Gutbrain Records


Saturday, 2006 March 25

So far this year I've watched 32 movies and two of the best ones have been so-called family entertainment, National Velvet and Wallace & Gromit: The Curse of the Were-Rabbit. I watched Finding Nemo, too, and while I enjoyed it, I found myself wondering, what is it with Disney and killing the main character's mother? I'm not sure I'd want my child to watch Bambi. National Velvet and Wallace & Gromit are much better. That early Technicolor process creates a look that's like painting come to life. Lassie is another good one.

Today I watched Tetsujin 28-go, last year's live-action movie of a much loved Japanese comic book and cartoon known here as Gigantor. The special effects were very good but the movie was surprisingly subdued. The robots look great but they mostly stand in one place and take very slow punches at each other. Is this what the original was like?
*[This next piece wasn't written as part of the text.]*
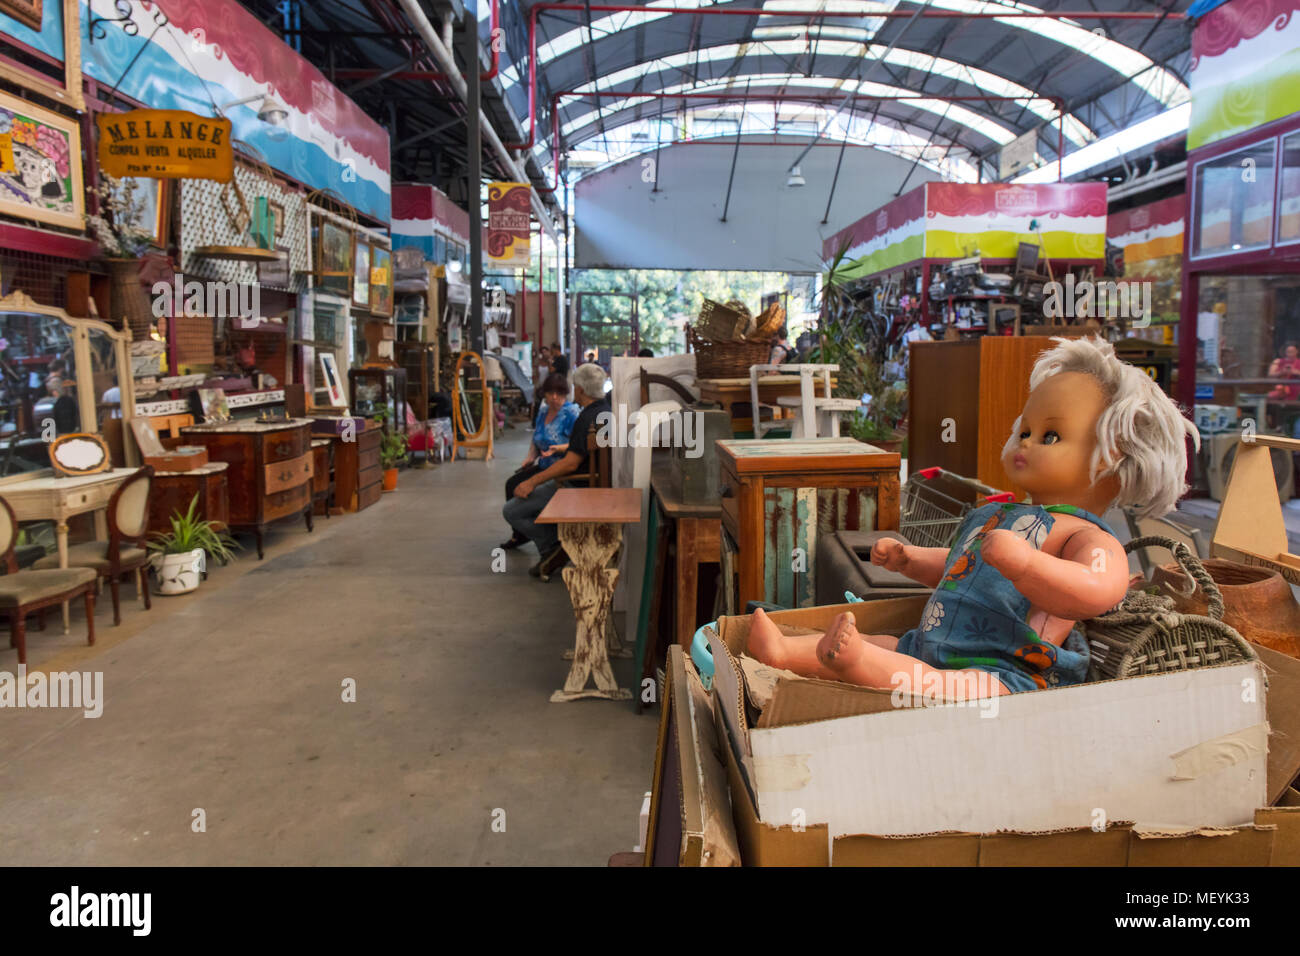 'Flea market' interiors (Mercado de las Pulgas) in Buenos Aires, Argentina. Stock Photo

I haven't seen it, but I suspect it had more action.

I wish there had been more action in Tsui Hark's The Chinese Feast, which I watched a few days ago. I'd seen it when it came out, in 1995, no doubt at the Music Palace, but I didn't remember it. The cooking scenes are great but there are too few of them. Tsui Hark was apparently aiming at a mish-mash of Wong Kar Wai, Iron Chef and a typical Hong Kong New Year's comedy film. It made me sad to see Leslie Cheung, who has the lead role. I don't think I've seen one of his movies since he committed suicide a couple of years ago.
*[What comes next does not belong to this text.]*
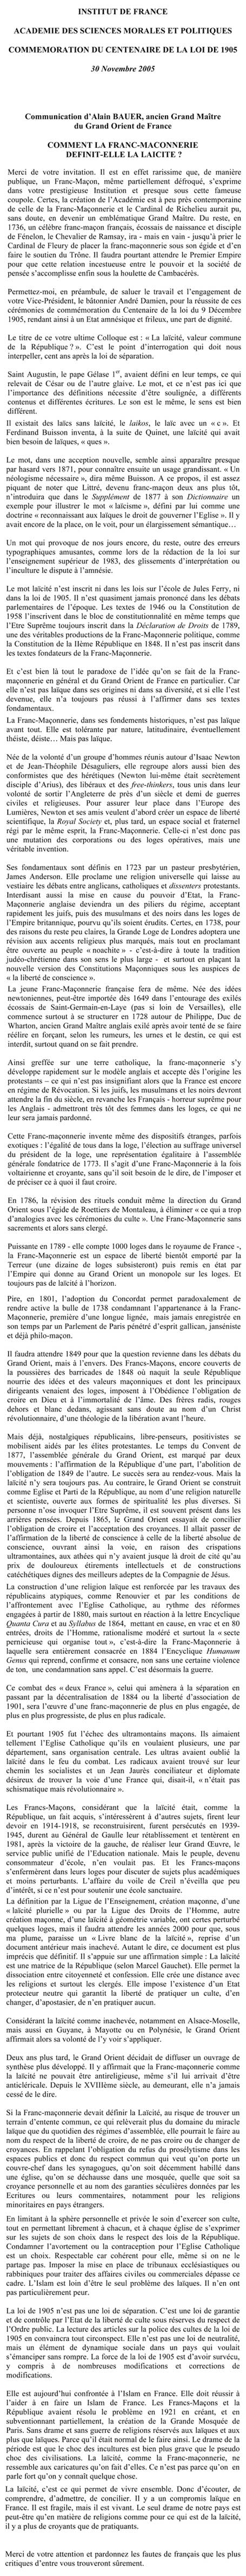 franc-maconnerie-laicite-30-11-2005

Red Peony Gambler 2: Gambler's Obligation is not as good as the first movie in the series. Director Norifumi Suzuki seems always to have trouble concentrating on plot and pacing and will go ambling after one exploitation element after another, as if they were wills-o'-the-wisp. Tai Kato, whose work I usually enjoy, made the third movie in the series, so I'm looking forward to that. What was the plot of this one? Oh, yeah, something about gangsters wanting to take over small businesses.

The well regarded 1952 film, directed by Anthony Asquith, of The Importance of Being Earnest was as good as I'd expected and contained a surprising bonus. While watching it I realized that Oscar Wilde's play must join the list of literary allusions in Alice Munro's short story "Wenlock Edge", published in The New Yorker a few months ago. I think this story is both very diffferent from most of her work and one of her best. You can read it here.

A quick word of advice to people making movies out of plays. Don't "open up" the play by contriving to photograph all sorts of exteriors and movements which we wouldn't have seen on stage. At the least, this usually throws the scale out of proportion. Asquith's film of Earnest only has two brief instances of this but one of them is quite detrimental, ruining a character's surprise entrance for the sake of some lame humor.